实际案例表明，这种架构相比单Agent方案的收益显著：

| 指标    | 单Agent (20分钟, $9) | 多智能体 (6小时, $200) | 改进    |
| ----- | ----------------- | ---------------- | ----- |
| 功能完整性 | 核心功能损坏            | 完整实现             | +100% |
| 代码质量  | 一次性脚本             | 生产级别             | ++++  |
| 迭代次数  | 0                 | 3-4次             | N/A   |
| 总体可用性 | <20%              | >90%             | +70pp |

关键洞察：**高质量的输出需要多个视角**。规划者提供结构，生成者执行细节，评估者发现问题。
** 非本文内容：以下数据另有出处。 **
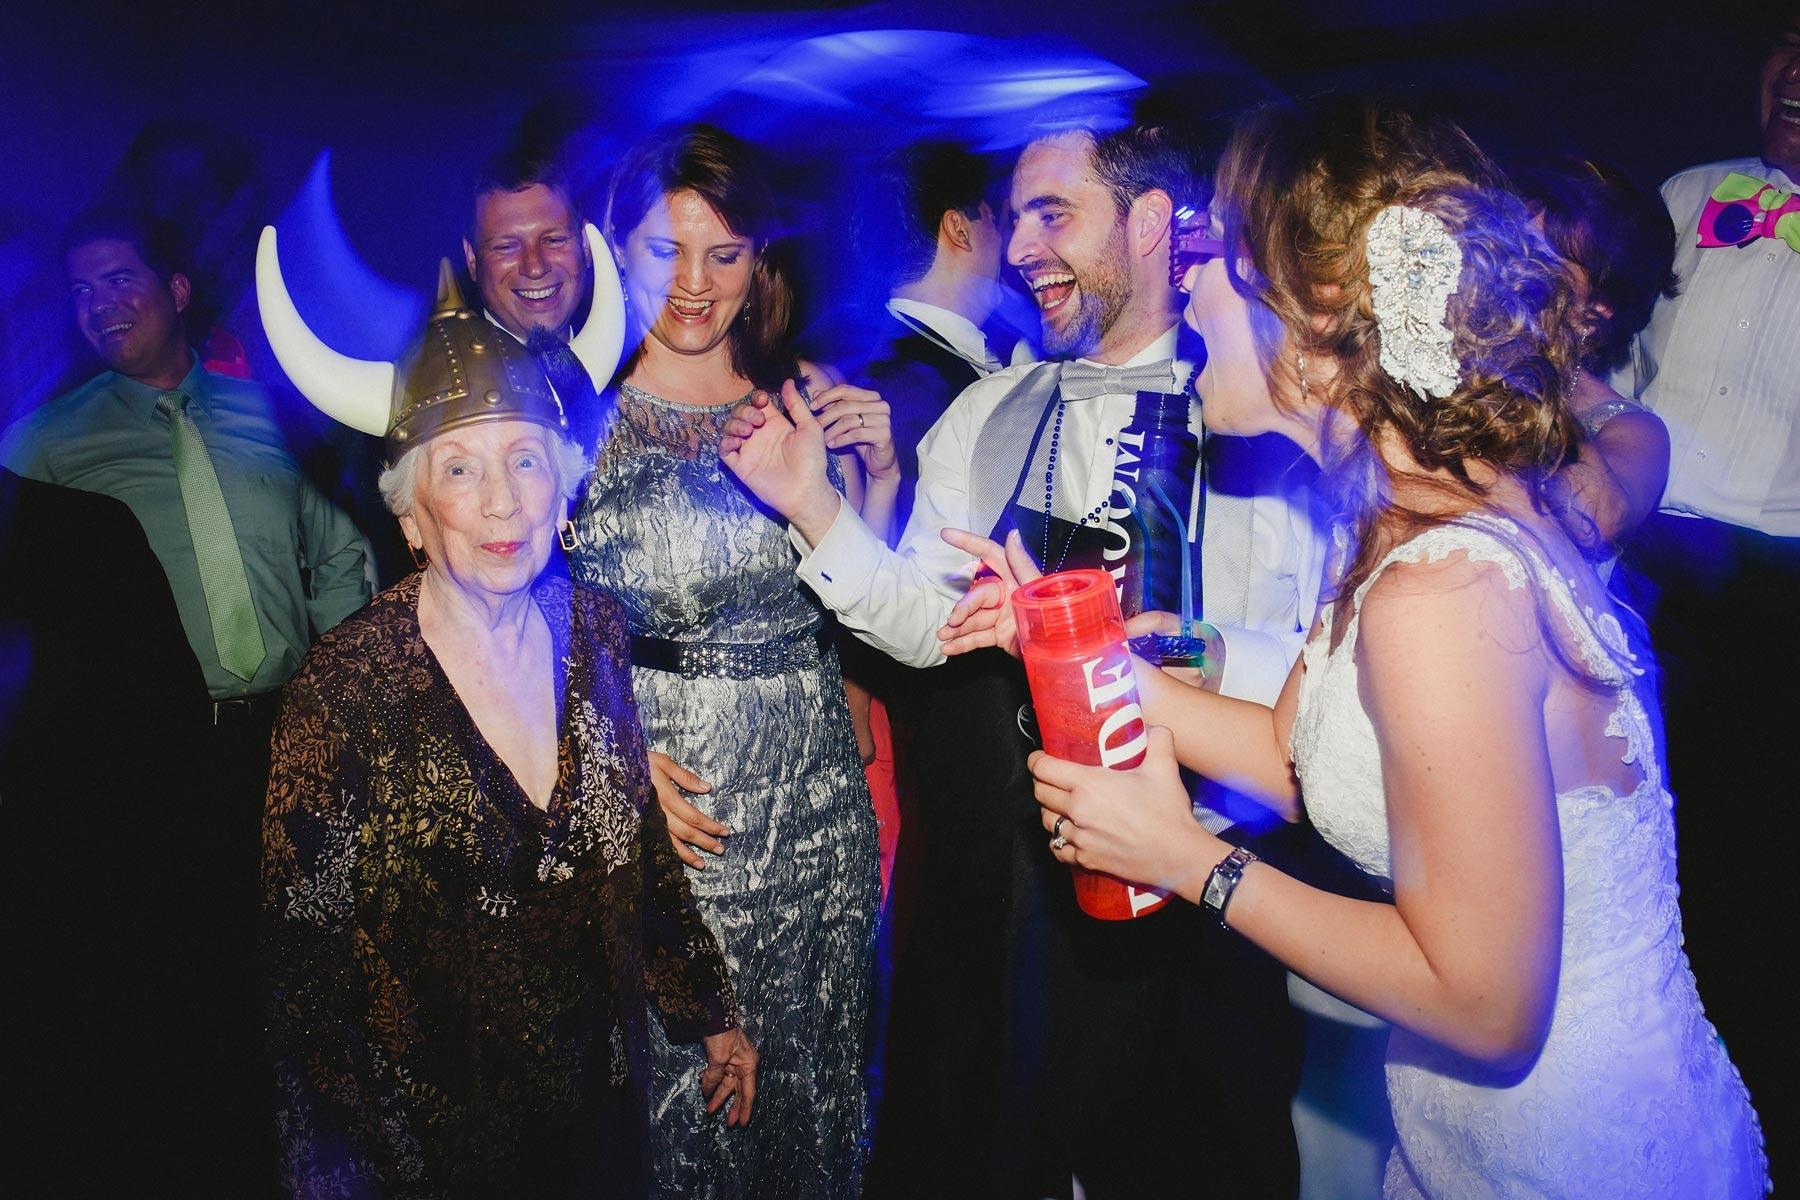 grandma at wedding party

这种分工使得每个Agent都能在专长领域表现最佳，避免单个Agent的认知限制。

## 8.3.5 工作流的并发执行与资源管理

在Harness中，大型工作流通常会生成多个子任务，可以并发执行以提高效率。

```yaml
states:
  batch_processing:
    type: agent_invoke
    agent: DataProcessor
    concurrency:
      max_parallel: 5          # 最多并发5个处理
      batch_size: 100          # 每批处理100条记录
      timeout_per_task: 60s
```

**Harness的并发执行器**：

```python
class ConcurrencyManager:
    """管理并发任务的执行"""

    def __init__(self, max_concurrent: int = 5):
        self.semaphore = asyncio.Semaphore(max_concurrent)
        self.active_tasks: Dict[str, asyncio.Task] = {}

    async def execute_task(self, task_id: str, coro):
        """限制并发数的任务执行"""
        async with self.semaphore:
            try:
                task = asyncio.create_task(coro)
                self.active_tasks[task_id] = task
                result = await task
                return {"status": "success", "result": result}
            except Exception as e:
                return {"status": "failed", "error": str(e)}
            finally:
                del self.active_tasks[task_id]

    async def execute_batch(self, items: List[Any], executor_fn, max_concurrent: int = 5):
        """批量执行任务,控制并发度"""
        self.semaphore = asyncio.Semaphore(max_concurrent)

        tasks = [
            self.execute_task(f"task_{i}", executor_fn(item))
            for i, item in enumerate(items)
        ]

        results = await asyncio.gather(*tasks)
        return results
```

## 8.3.6 本小节小结

Harness通过以下机制支持复杂的多智能体编排：

1. **状态机驱动**：每个智能体和工作流阶段都映射到状态机的节点
2. **消息路由**：智能体间通过队列和路由规则进行通信
3. **错误传播**：失败智能体的错误可以传播到下游，支持重试、降级等恢复策略
4. **上下文隔离**：分层上下文避免并发执行时的数据污染
5. **并发控制**：信号量和并发度限制保证资源不会过载
6. **专化架构**：规划-生成-评估的三角色模式通过对抗性反馈循环提升质量
7. **适应性设计**：根据模型能力动态调整架构复杂度，避免不必要的开销

关于多智能体协作的通用理论和模式对比，请参阅《智能体 AI 权威指南》第五章。